24-Hour Hit Count 7-Day Hit Count 1-Month Count
9 60 298

carlossanlop avatar Apr 02 '24 22:04 carlossanlop

Tagging subscribers to this area: @dotnet/area-system-io See info in area-owners.md if you want to be subscribed.

@dotnet/area-system-io there are a lot of hits on this and relatively recent. It seems to me to be happening across many configurations. I think it's worth having a look.

ericstj avatar Apr 12 '24 01:04 ericstj

The System.IO.Net5Compat.Tests and the System.IO.Tests test processes are intermittengly getting killed on Linux shortly after starting, and the exit code is 137.

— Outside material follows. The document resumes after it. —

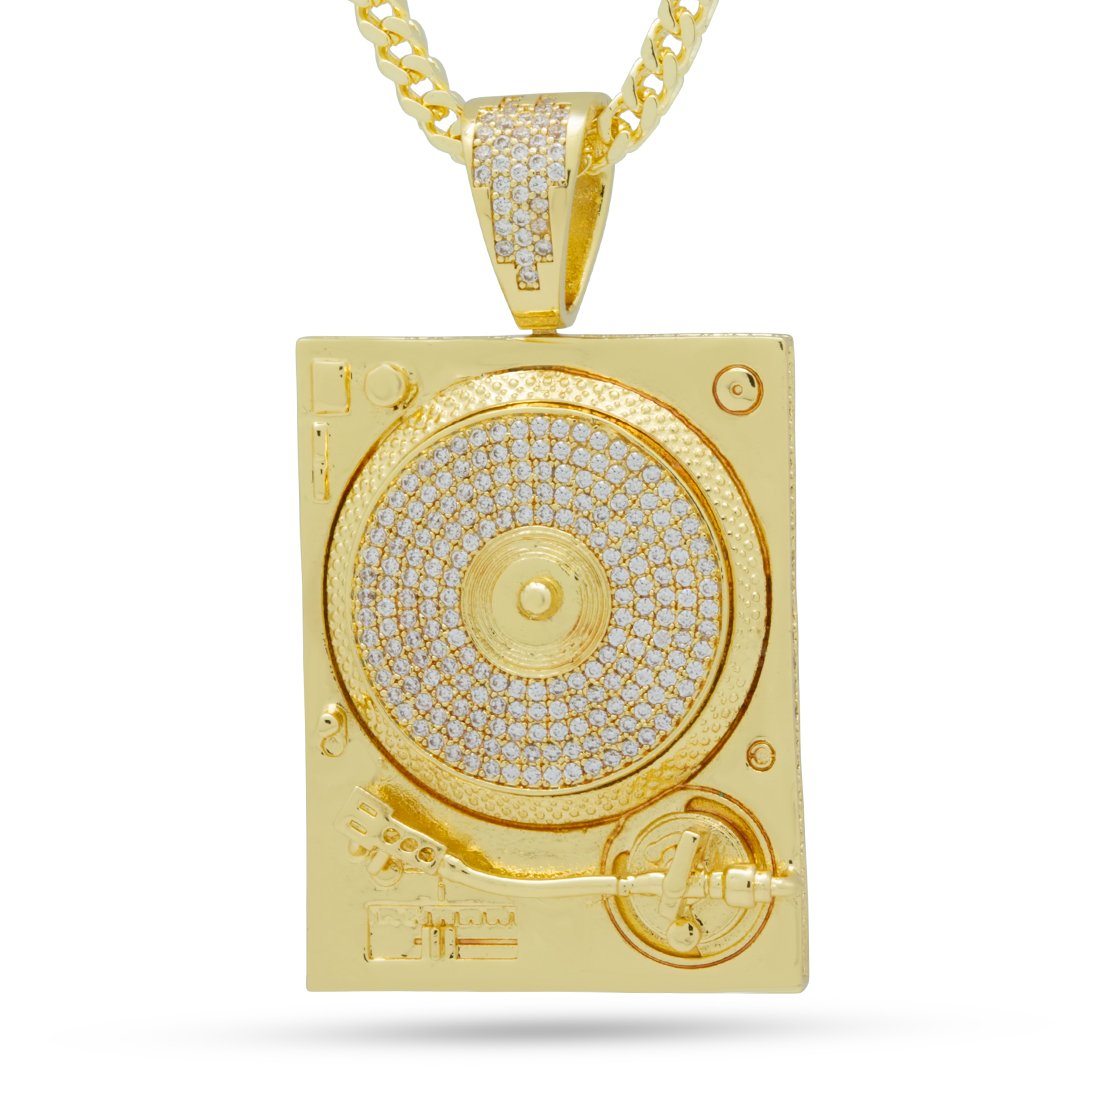 The Gold Turntable Necklace

137 means out of memory. We have not made any changes to 6.0 in System.IO, so I expect that either there was some infra change (like less memory available) or a bug was introduced in the product itself. The bug would be specific to Linux.

@carlossanlop is it possible to perform some kind of binary search based on the merged PRs and when it started to fail?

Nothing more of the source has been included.